» **Exercise instructions**: Return the data that follows exactly as it appears. Pictures do not belong in the copy.

:: Source material

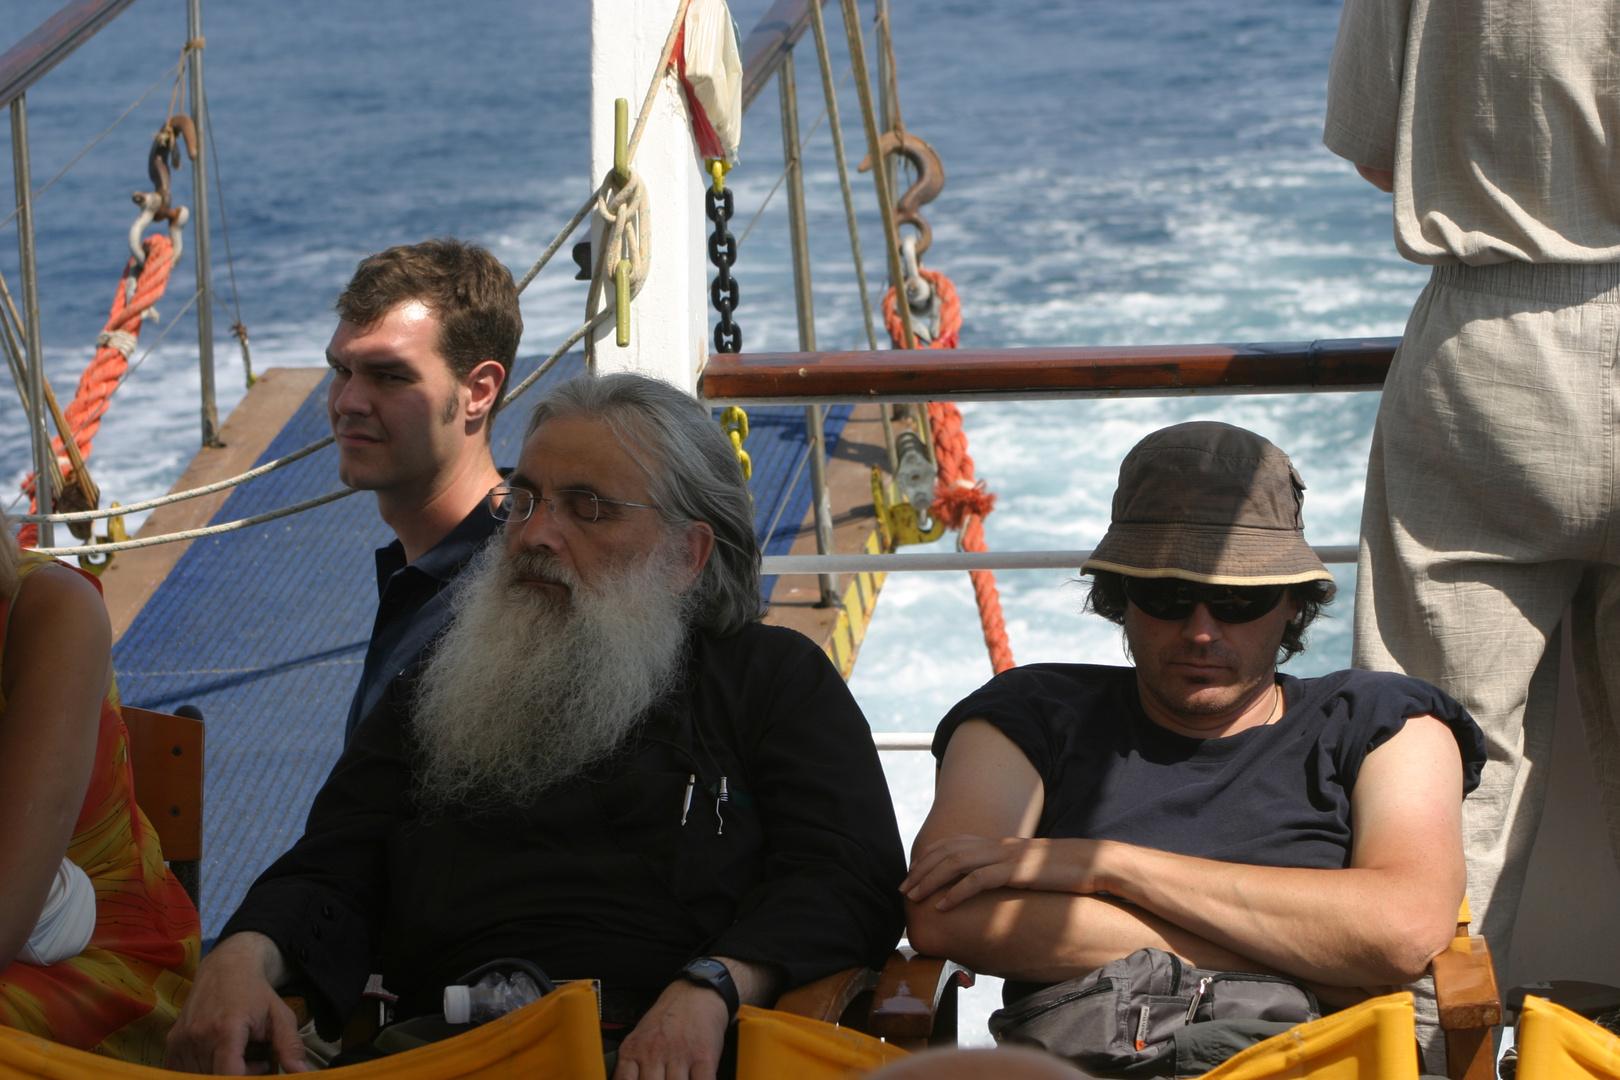 H. Athos2
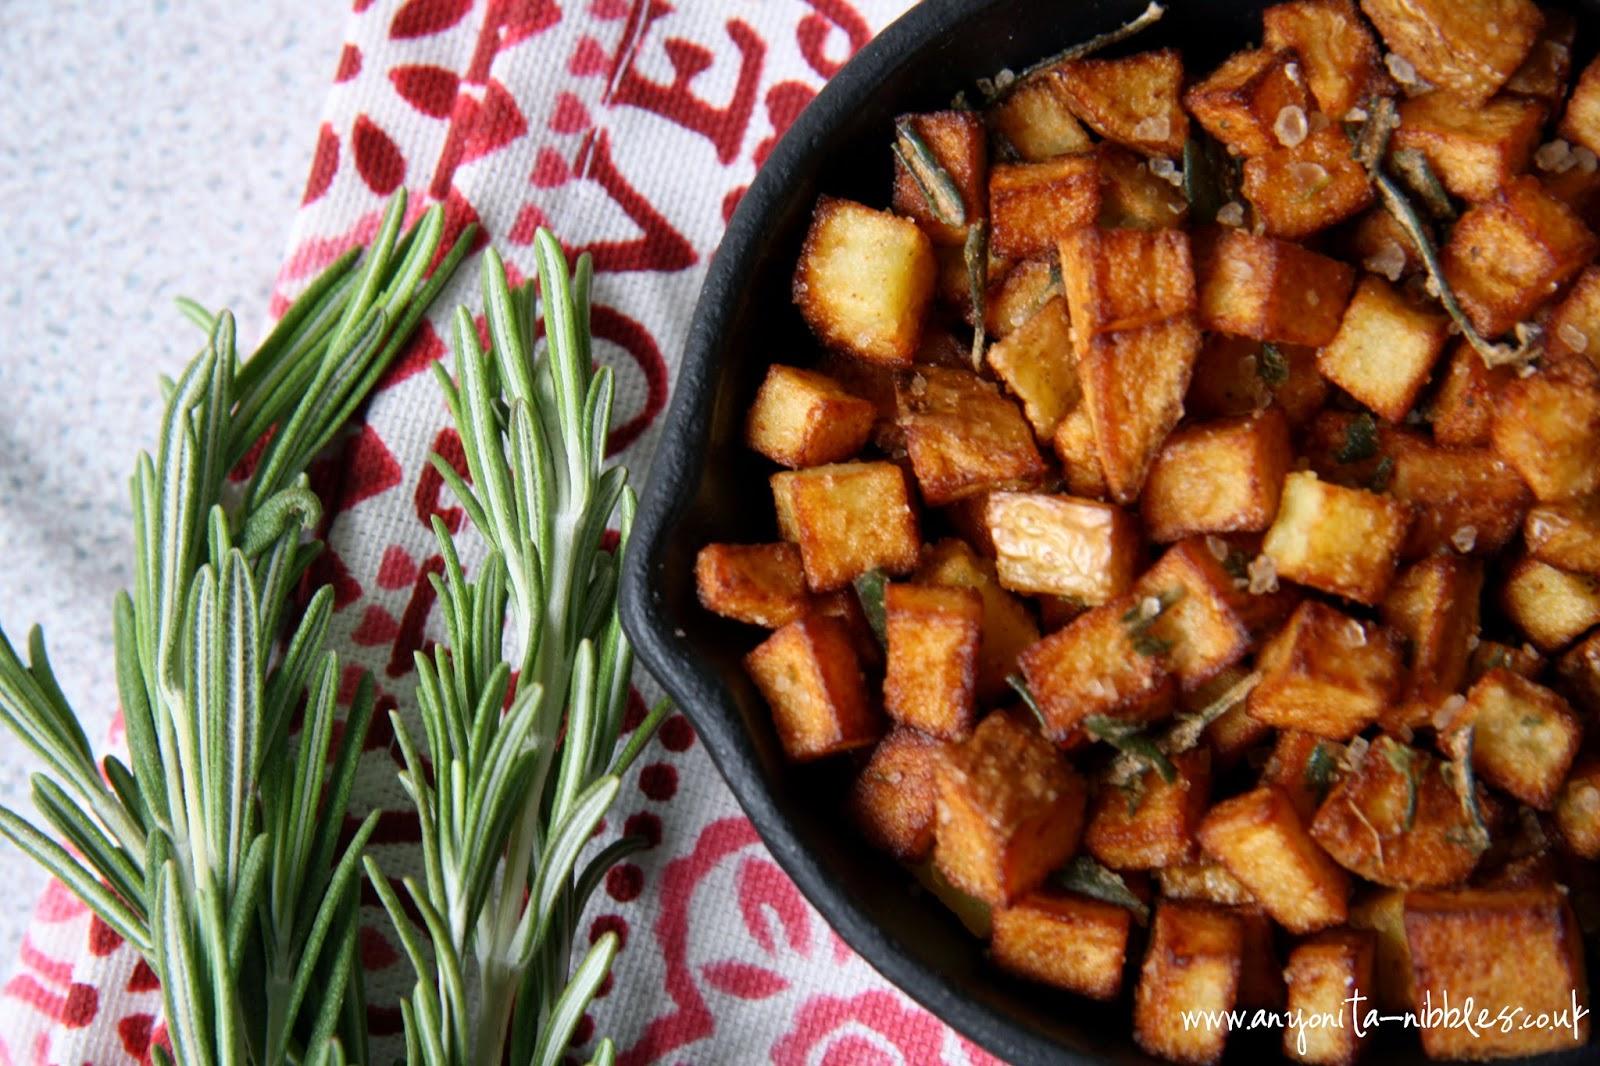 A skillet of rosemary & salt potatoes from www.anyonita-nibbles.co.uk #glutenfree #vegan #vegetarian
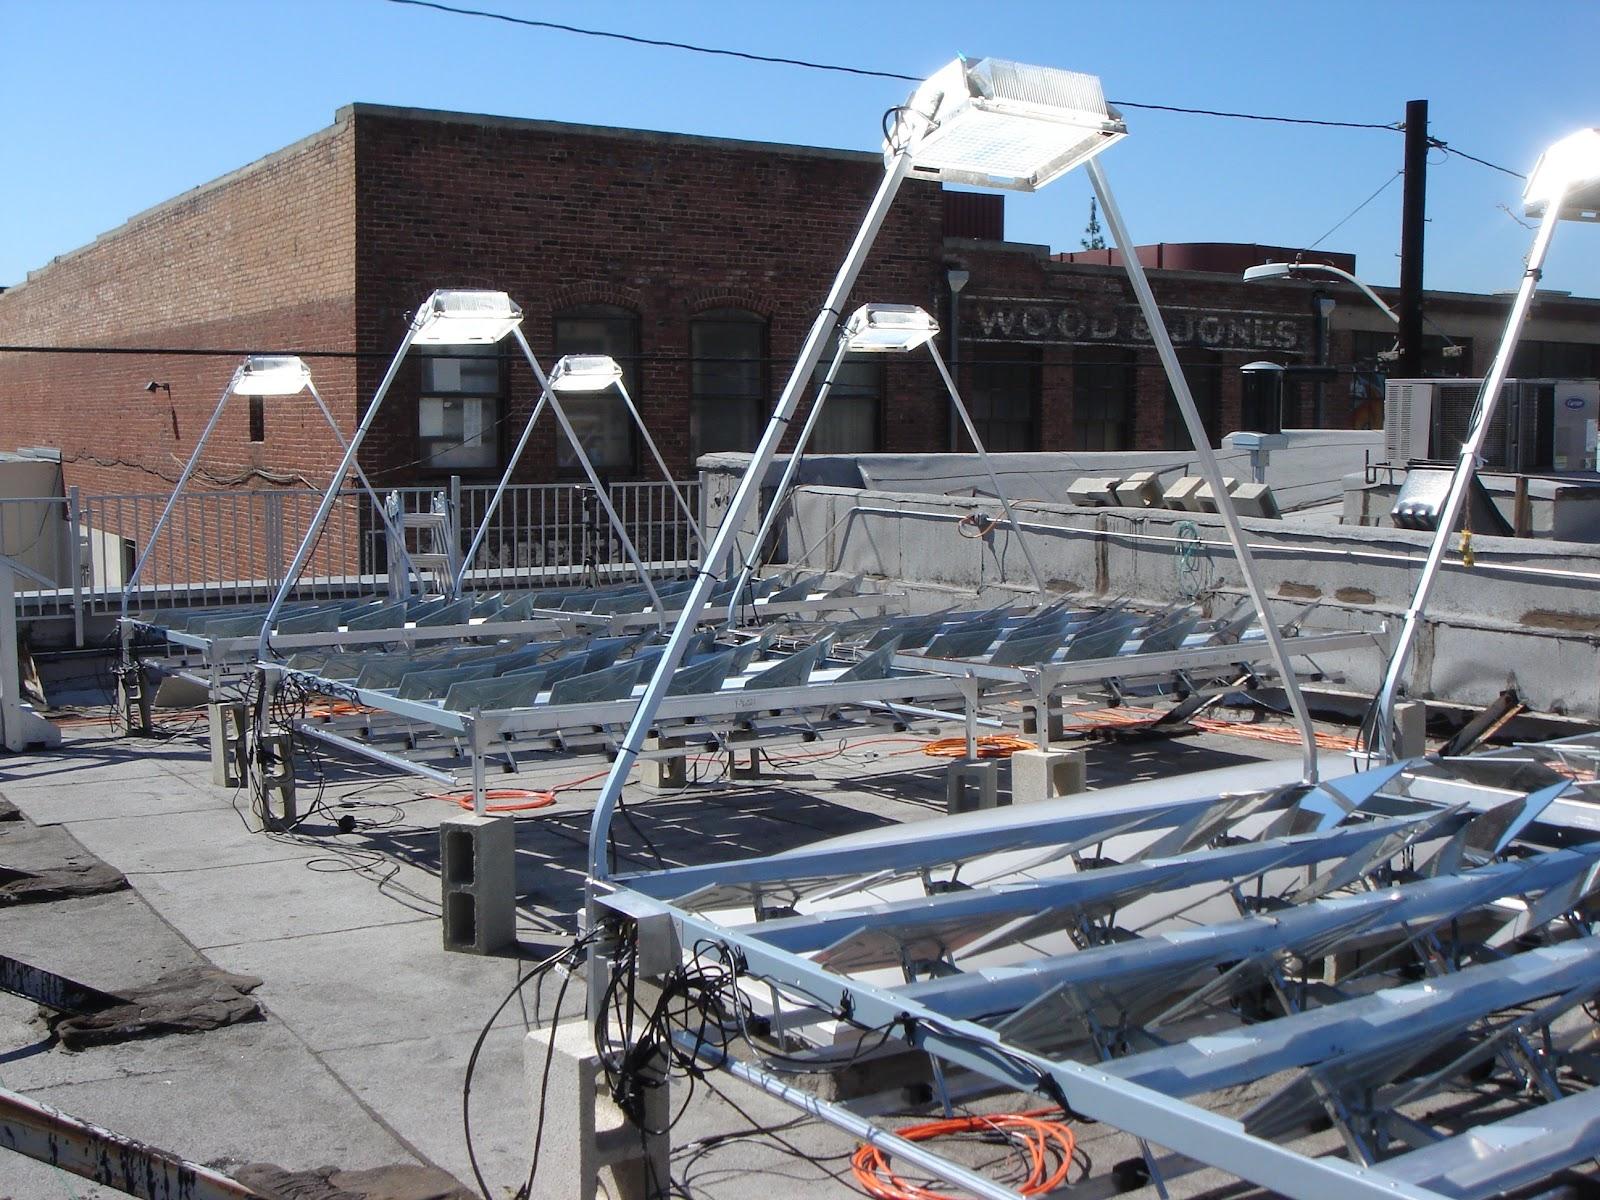 Commercial Solar Array, Wikimedia

::::

» **Expected answer**:
 H. Athos2
 A skillet of rosemary & salt potatoes from www.anyonita-nibbles.co.uk #glutenfree #vegan #vegetarian
 Commercial Solar Array, Wikimedia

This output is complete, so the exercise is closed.